Dr. Hugh T. Patrick, clinical professor of nerves and mental disease in Northwestern University Medical School, mentions several interesting cases.
“In many cases of functional nervous disorders the factor of fear is quite obvious. But in many cases, though equally important, it is not at once apparent. Of the latter there are numerous varieties which may be divided into groups. One group embraces patients known to have physical courage. A few years ago there was referred to me one of the most noted as well as fearless men in the ring, a man who was peculiarly carefree, if not careless. He was suffering with what were considered rather vague and baffling nervous symptoms, principally insomnia, lack of interest, and moodiness. A careful analysis soon revealed that some trifling symptoms, due to high living and domestic friction, had served to put the idea into his head that he was losing his mind. This phobia was sickness, and the fear so possessed his soul that he was good for nothing until he got rid of it. Needless to say, the patient himself was quite unconscious of the nature of his trouble, and his physician had overlooked it.
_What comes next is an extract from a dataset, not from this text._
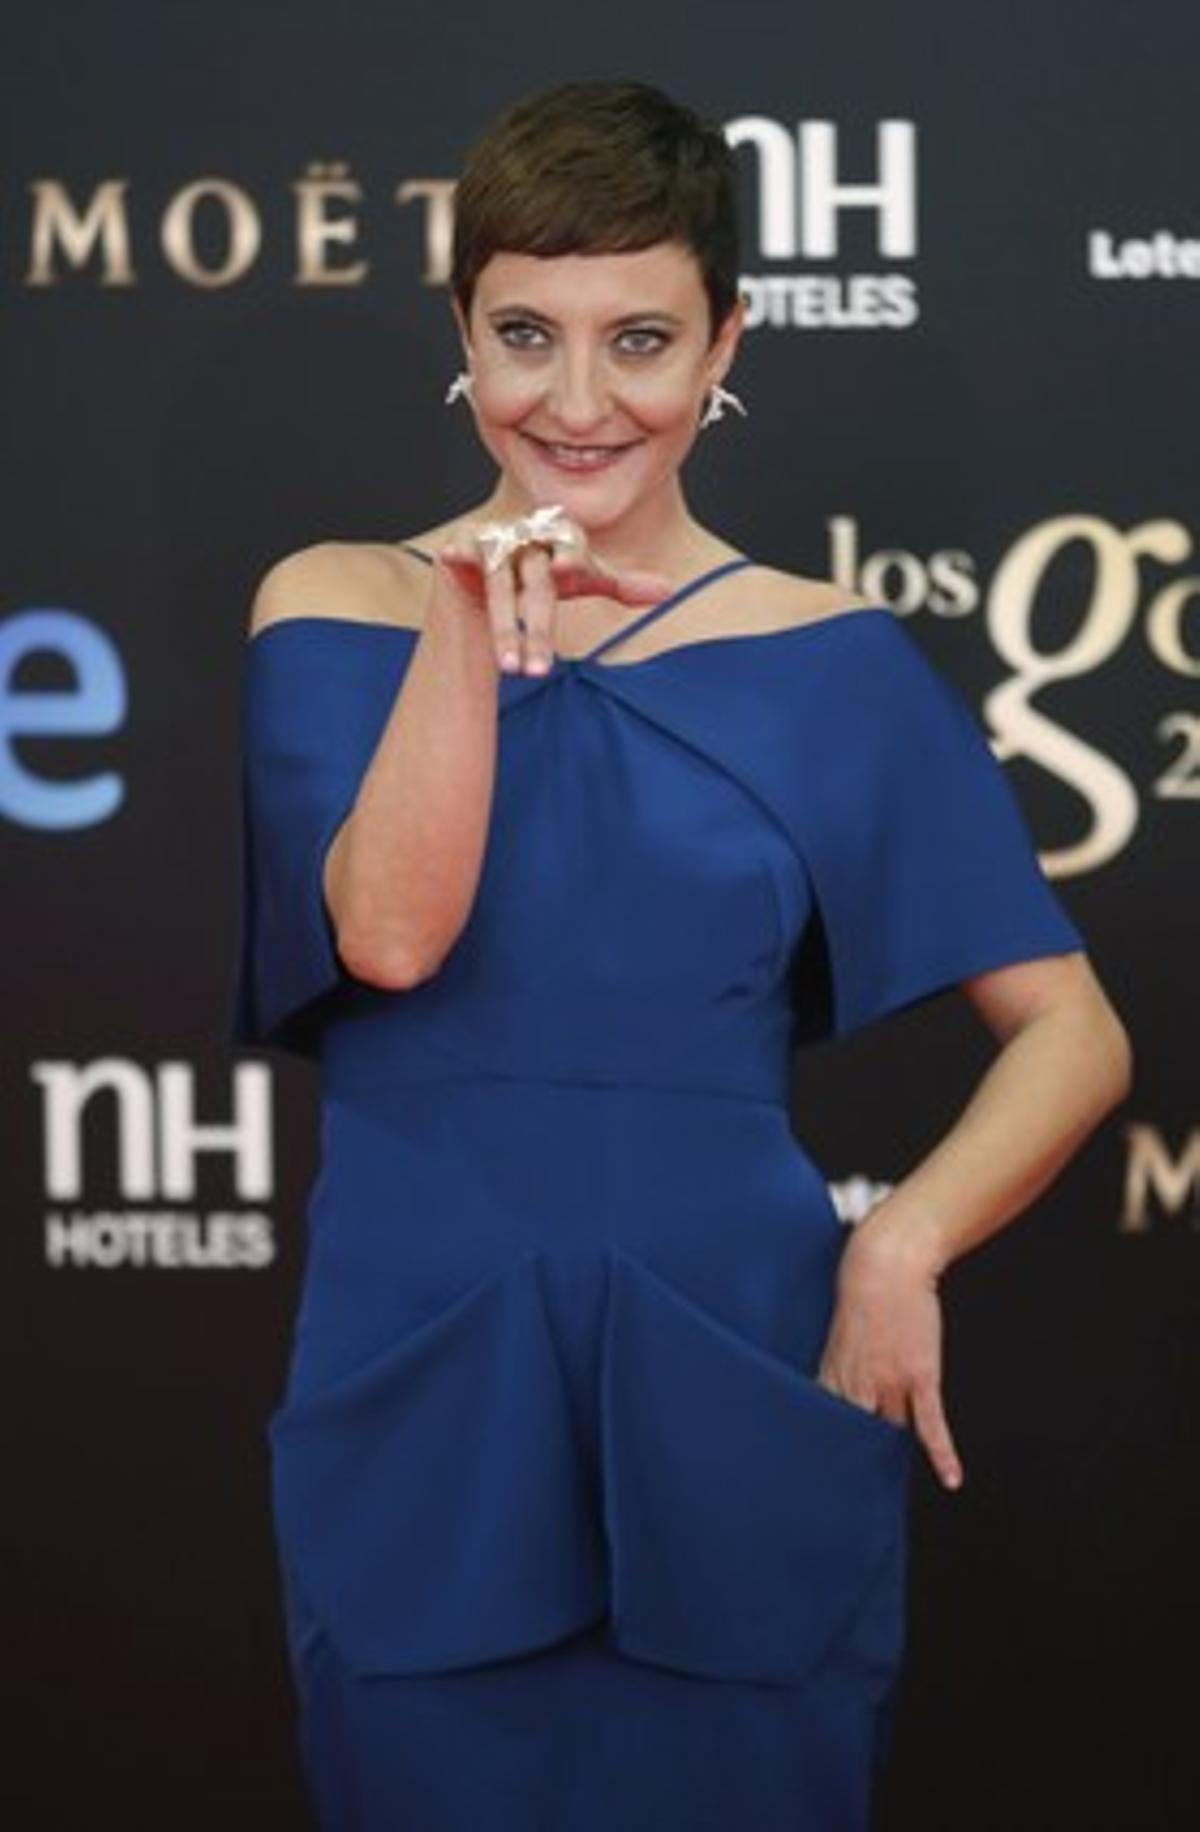 La cómica Eva Hache, presentadora por segundo año consecutivo de la gala.

So they could not cure the trouble from a physical standpoint. The situation had to be mentally analyzed, and the cause of the fear dragged out from subconsciousness and exposed to the man. When he had a look at it, why, it had exactly the same effect as pulling an eyelash out from an inflamed eye and letting you see it. Your troubles are all over right away, because you are very sure the disturbing cause has been removed, and you forget about it then.
“A sheep rancher of Wyoming complained of insomnia, loss of appetite, abdominal distress, general nervousness and inability to look after his ranch. What really was the matter with him was fear of cancer of the stomach. This phobia completely unnerved him and cause him to enormously magnify every bodily sensation. But was he a nerveless coward? Decidedly not.
There was a time when the cattlemen of the Far West made sheep raising a hazardous occupation. Through these dangerous years he lived without a tremor, though he never went to sleep without a rifle by his side. Once he was informed that three cattlemen had started out to ‘get him,’ and the information was correct. He mounted his horse and properly armed, rode out to meet them. As he expressed it, he ‘talked them out of it,’ and the three would-be assassins turned and rode away. In this encounter he was not in the least apprehensive or uncomfortable, and I learned of the incident only in a conversation about his business.”
He had plenty of physical courage, but when something in the inner organism seemed to be wrong, he was scared. As soon as this doctor discovered what the fear was, he probably produced an X-ray or something of that nature to show the patient that there was nothing the matter. Then drawing the patient’s attention to the groundless fear, the doctor was able to convince the patient of the groundlessness of his fears.